Top 10 money myths: true or false?

There are plenty of myths around when it comes to money but do you know your money facts from your fiction?

Whether you’re buying a home, going on holiday, insuring your life or home, or just going about your daily financial business, you’re bound to have heard some myths about money.

Here we look at some of the most popular tales and whether they are true or false.

1. Your address can be credit blacklisted

False. When you apply for credit, financial institutions look at your own personal credit history not that of your address.

It can be affected by anyone you have a financial connection with though, such as a joint account.

Lenders do like to see stability, though, so if you've recently moved they will want to know your previous address.

2. Duel fuel energy is always cheapest

False. Energy companies would like to convince us that taking both electricity and gas from the same supplier is always the best option but that’s not always the case.

So when comparing energy tariffs, look at separate gas and electricity companies as well as duel fuel tariffs.

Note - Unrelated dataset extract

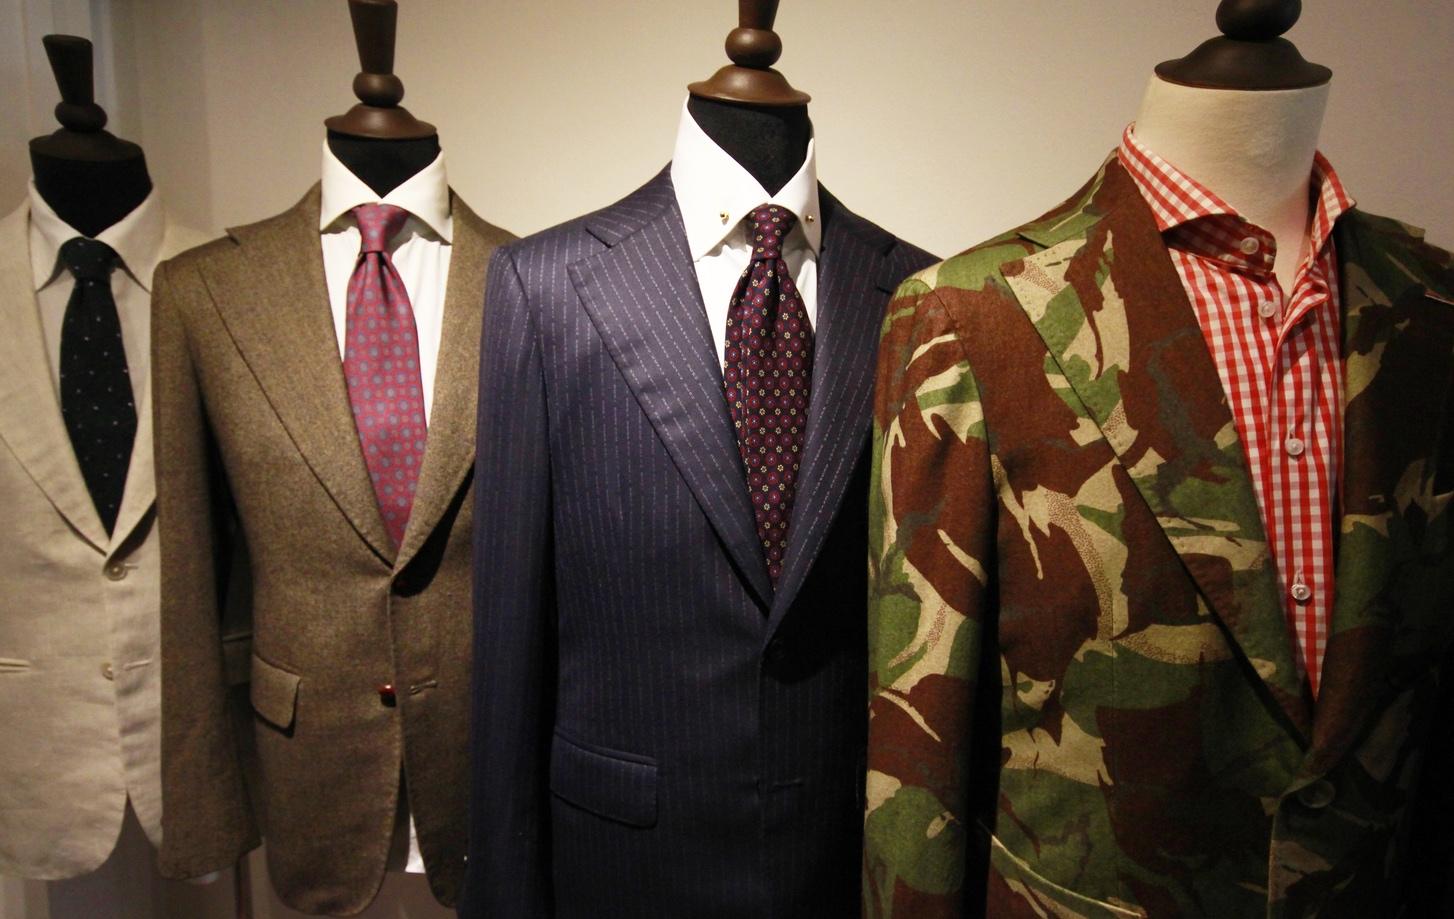 A selection of Kevin Seah bespoke coats.

3. You could be charged double the advertised credit card APR

True.  The European Consumer Credit Directive (CCD) means that only 51% of successful applicants have to be offered the advertised rate.

Credit card providers are free to offer the other 49% of applicants any rate they see fit.

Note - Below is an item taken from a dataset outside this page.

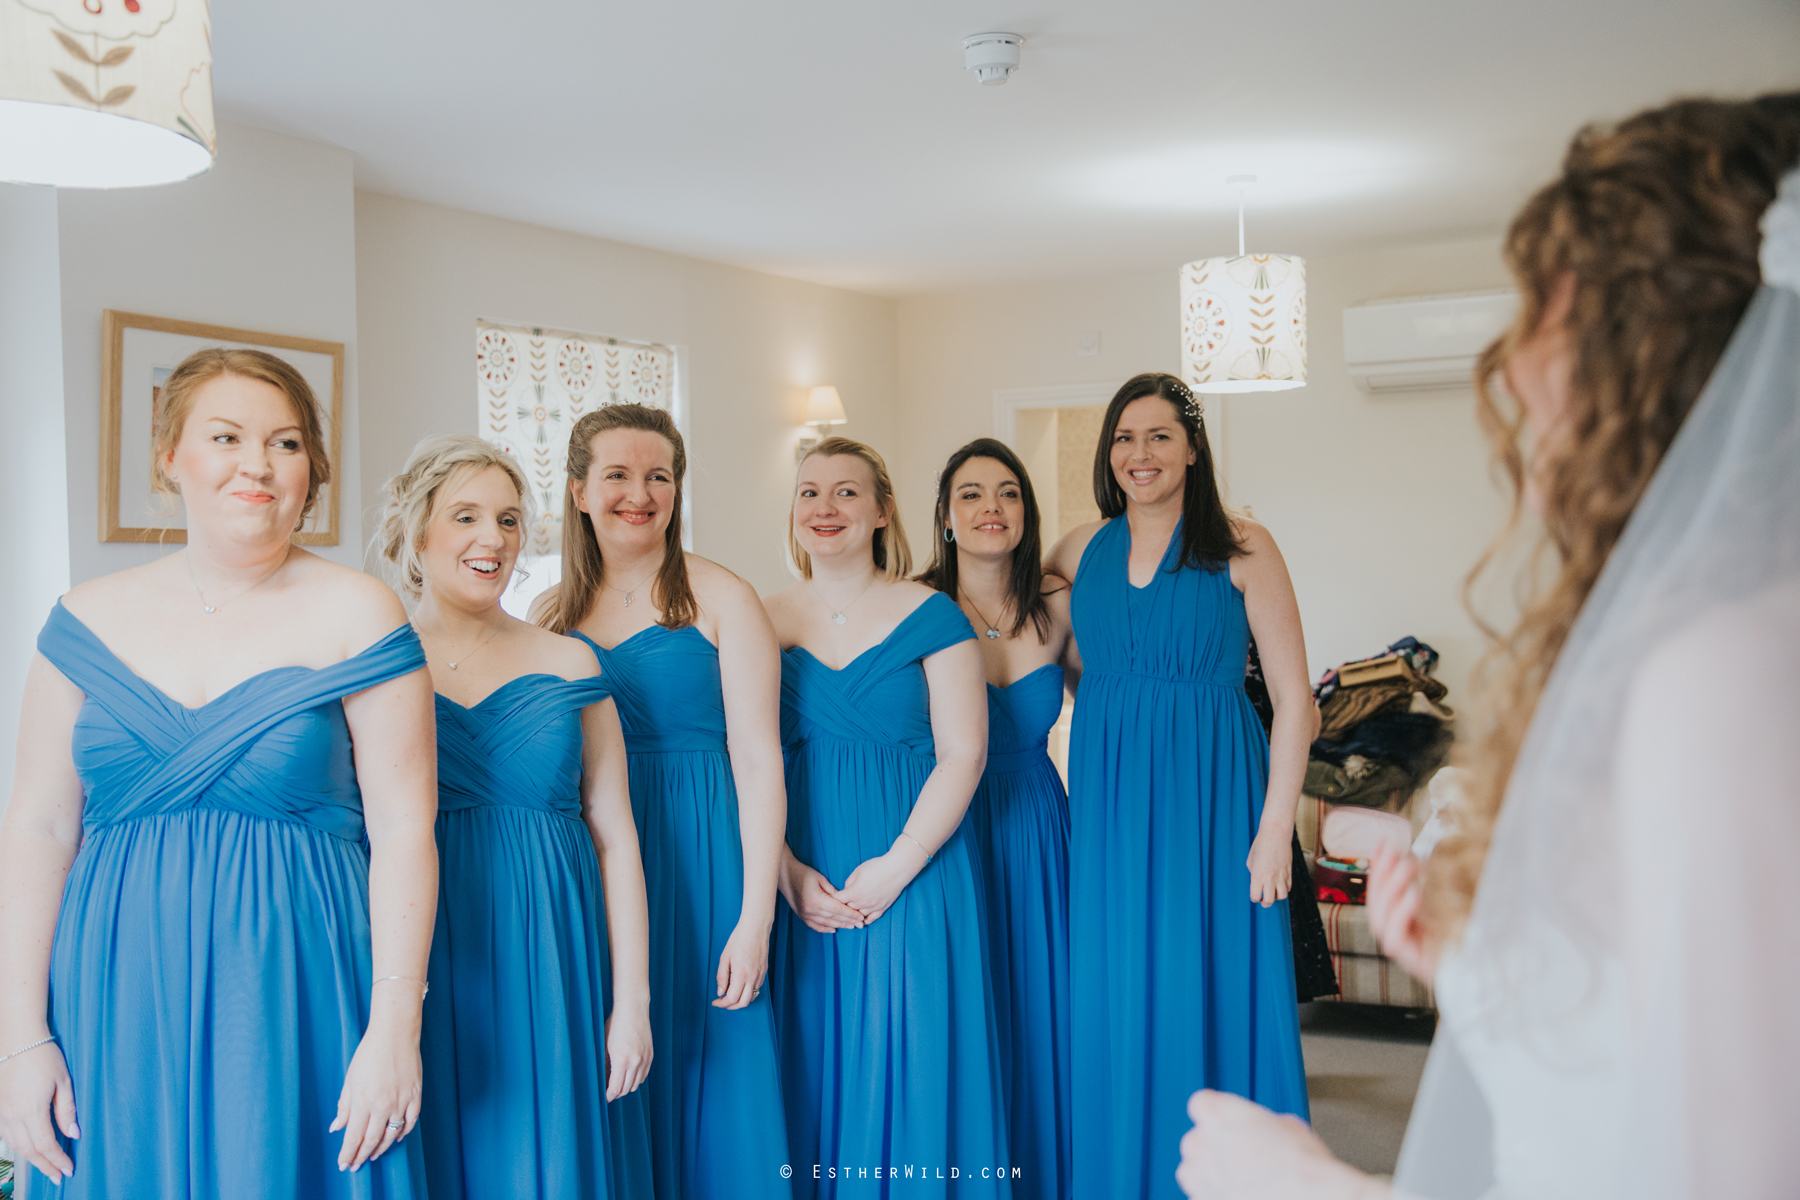 The_BoatHouse_Wedding_Venue_Ormesby_Norfolk_Broads_Boat_Wedding_Photography_Esther_Wild_Photographer_IMG_0588.jpg

4. Self-employed people can’t get mortgages

False. The credit crunch has certainly made it harder for the self-employed to get mortgages but it’s not impossible.

These days all mortgage applicants need to prove their income and for the self-employed, this means providing accounts going back a few years.

Those who are newly self-employed and don’t have accounts may struggle to find a decent mortgage deal.

5. Your car insurance premium depends on your profession

True. Professional sports people, those working in entertainment and nightclubs, and, unfortunately for me, journalists, will see their insurance premiums hiked up.

This is because insurance companies see some professions as higher risks than others. Those working in accountancy and admin are seen as a lot less risky.

However, your job is just one factor insurers look at; your age, the car you drive, your driving record and claims history matter a lot more. 

6. Suicide isn’t covered on life insurance policies

False. Most life insurance policies do have suicide clauses, designed to stop people who already plan on taking their lives from taking out huge amount of cover which will help the families they leave behind.  

However, these clauses generally only exclude suicide claims for the first 12 months of a policy.

7. Overweight people get charged more for life insurance

True. The higher the risk of someone dying the more likely an insurance company will increase or “load” the client’s premium.

To calculate the risk of dying insurers look at an applicant’s health and lifestyle as well as other factors.

If someone is obese they may find their policy loaded, especially if they have other problems such as high blood pressure.

8. I’m too young to worry about a pension

False. The younger you start saving or retirement the better. If you start in your twenties you’ll need to put less aside each month than if you wait till your 30s or 40s.

You’ll also have a bigger pot with which to buy an annuity when the time comes. 

Read: how much you need to save NOW for a comfortable retirement

9. You don’t need life insurance unless you’re married or have children

True. The idea of life insurance is that if you died the insurance payout would stop your family from struggling financially.

Therefore you only really need life insurance if you have dependents who rely on your income, such as a spouse or child.

The footloose and fancy-free are better off buying income protection or critical illness insurance.